In mathematics, Tannaka–Krein duality theory concerns the interaction of a compact topological group and its category of linear representations. It is a natural extension of Pontryagin duality, between compact and discrete commutative topological groups, to groups that are compact but noncommutative. The theory is named for two men, the Soviet mathematician Mark Grigorievich Krein, and the Japanese Tadao Tannaka. In contrast to the case of commutative groups considered by Lev Pontryagin, the notion dual to a noncommutative compact group is not a group, but a category Π(G) with some additional structures, formed by the finite-dimensional representations of G.

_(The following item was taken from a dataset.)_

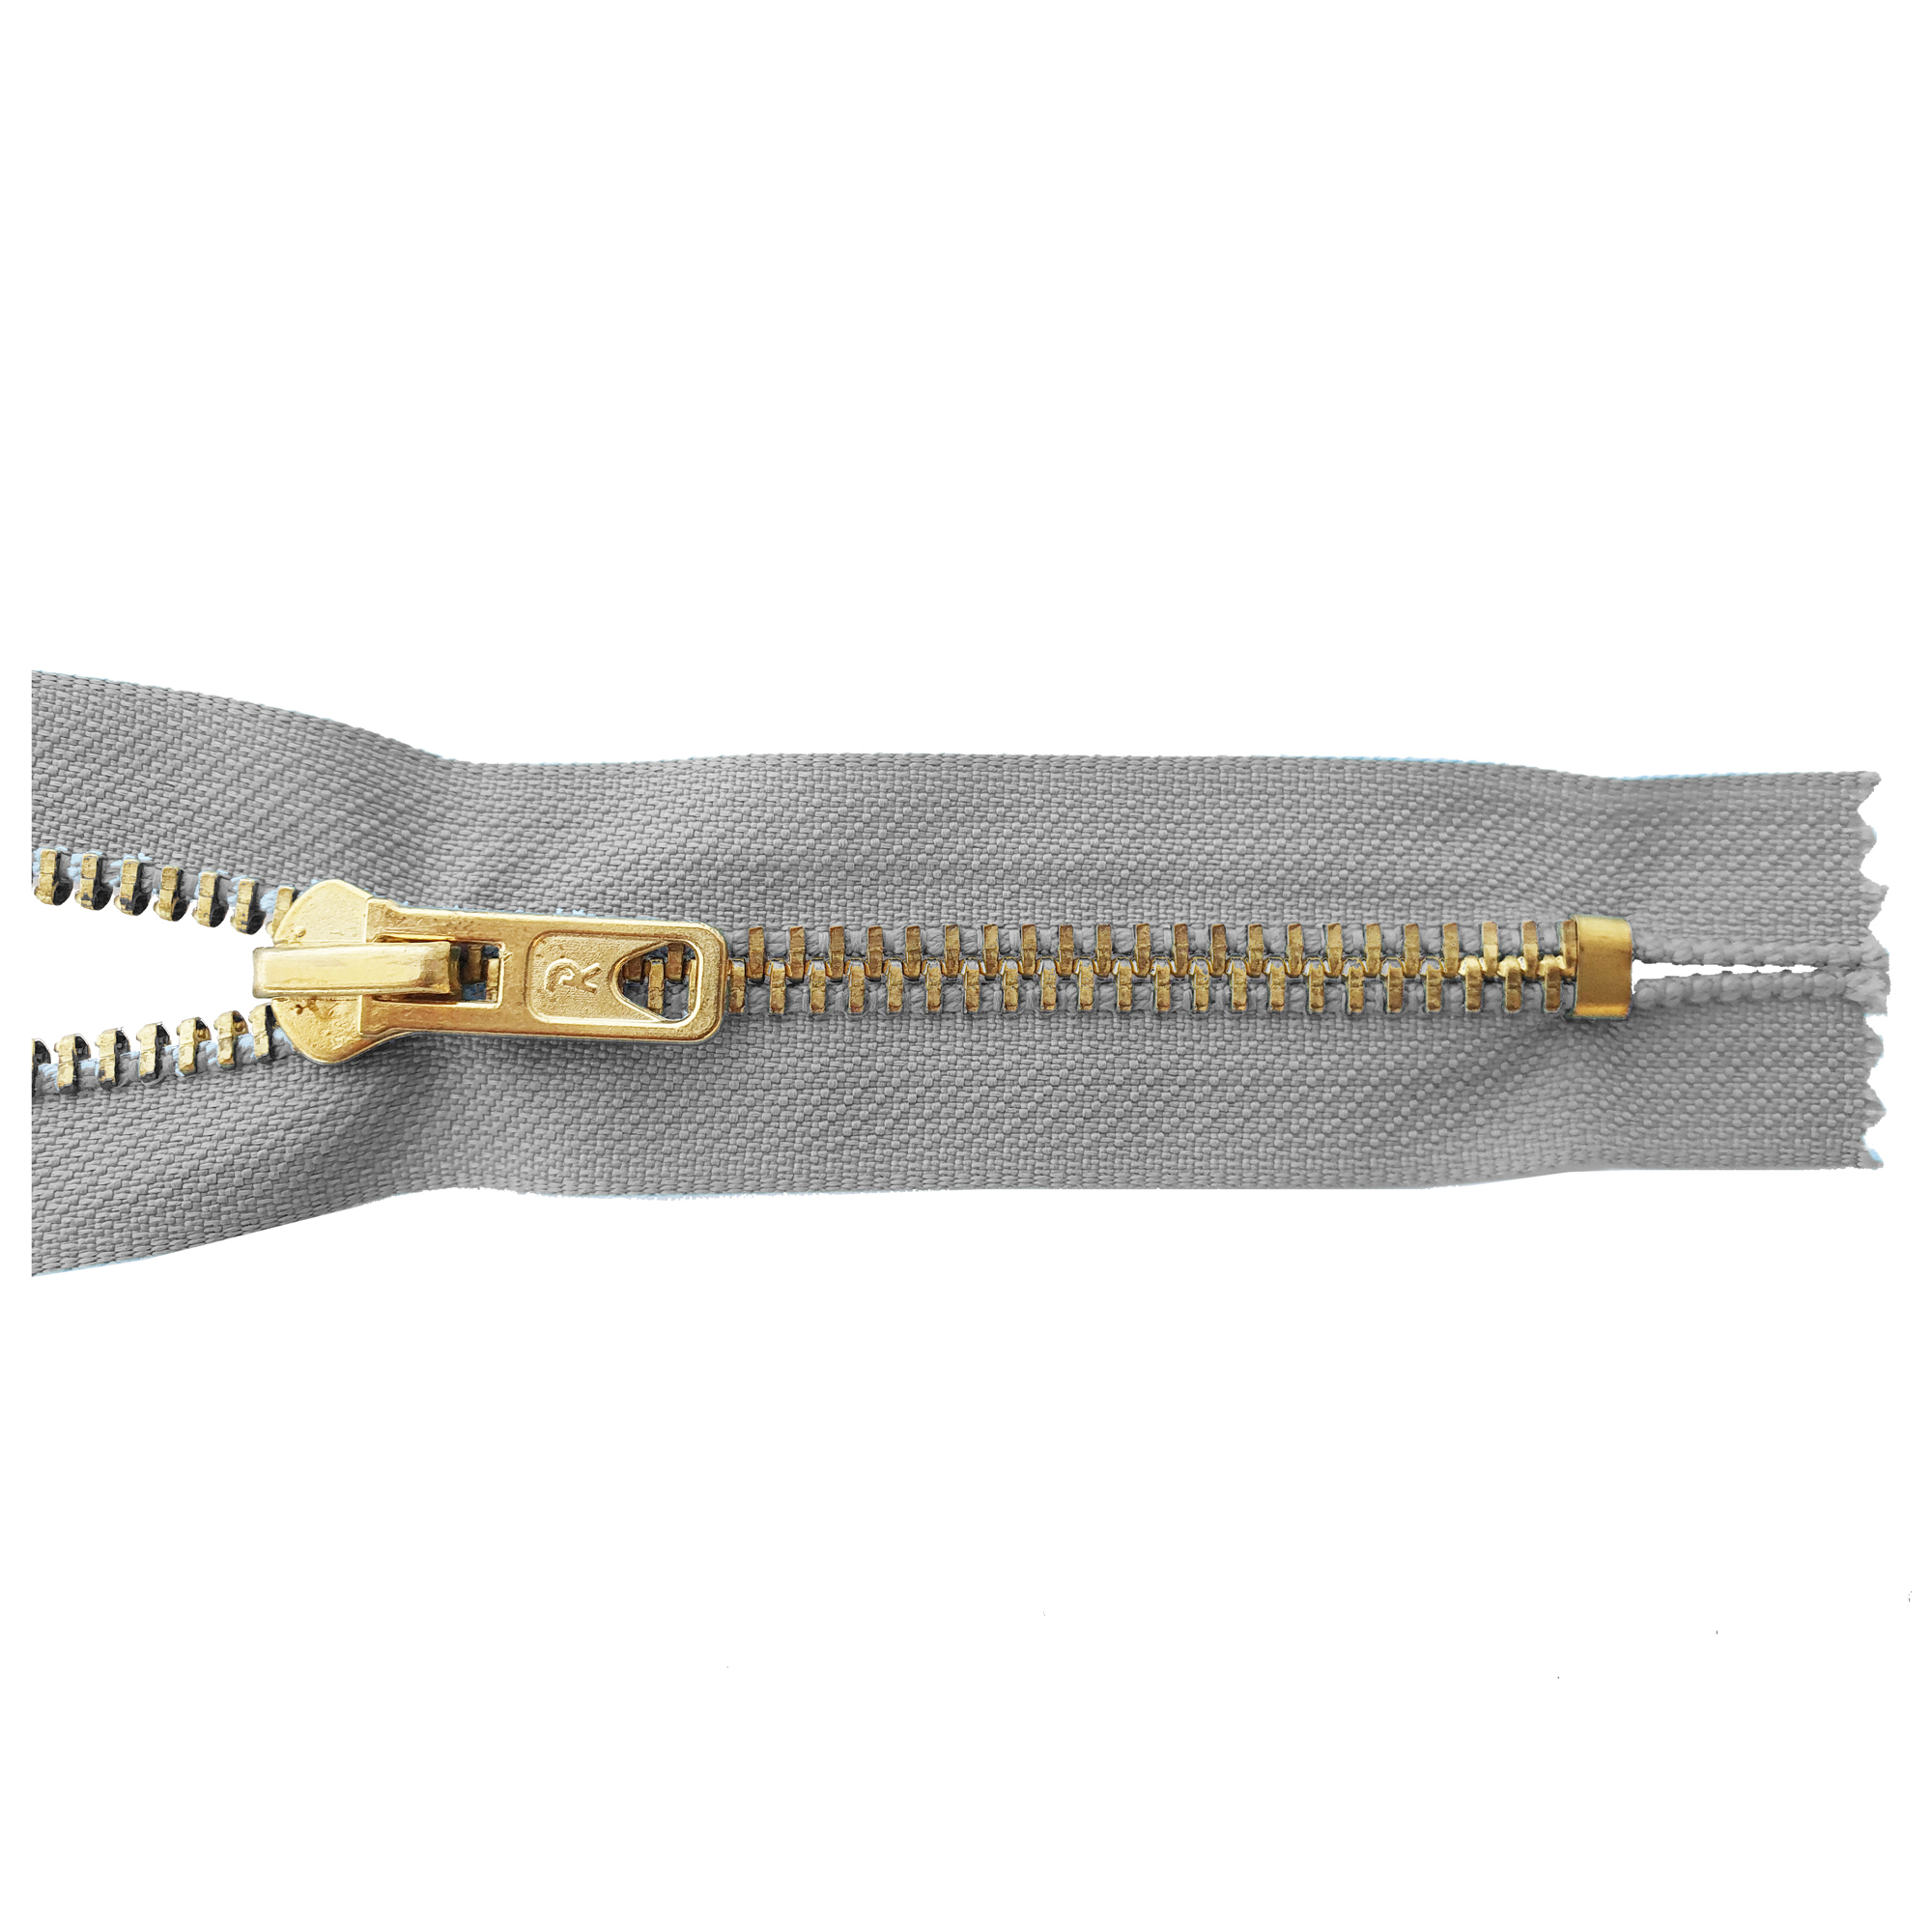 Reißverschluss 12cm, nicht teilbar, Metall goldf. breit, hellgrau, hochwertiger Marken-Reißverschluss von Rubi/Barcelona

Duality theorems of Tannaka and Krein describe the converse passage from the category Π(G) back to the group G, allowing one to recover the group from its category of representations. Moreover, they in effect completely characterize all categories that can arise from a group in this fashion. Alexander Grothendieck later showed that by a similar process, Tannaka duality can be extended to the case of algebraic groups: see tannakian category. Meanwhile, the original theory of Tannaka and Krein continued to be developed and refined by mathematical physicists. A generalization of Tannaka–Krein theory provides the natural framework for studying representations of quantum groups, and is currently being extended to quantum supergroups, quantum groupoids and their dual quantum algebroids.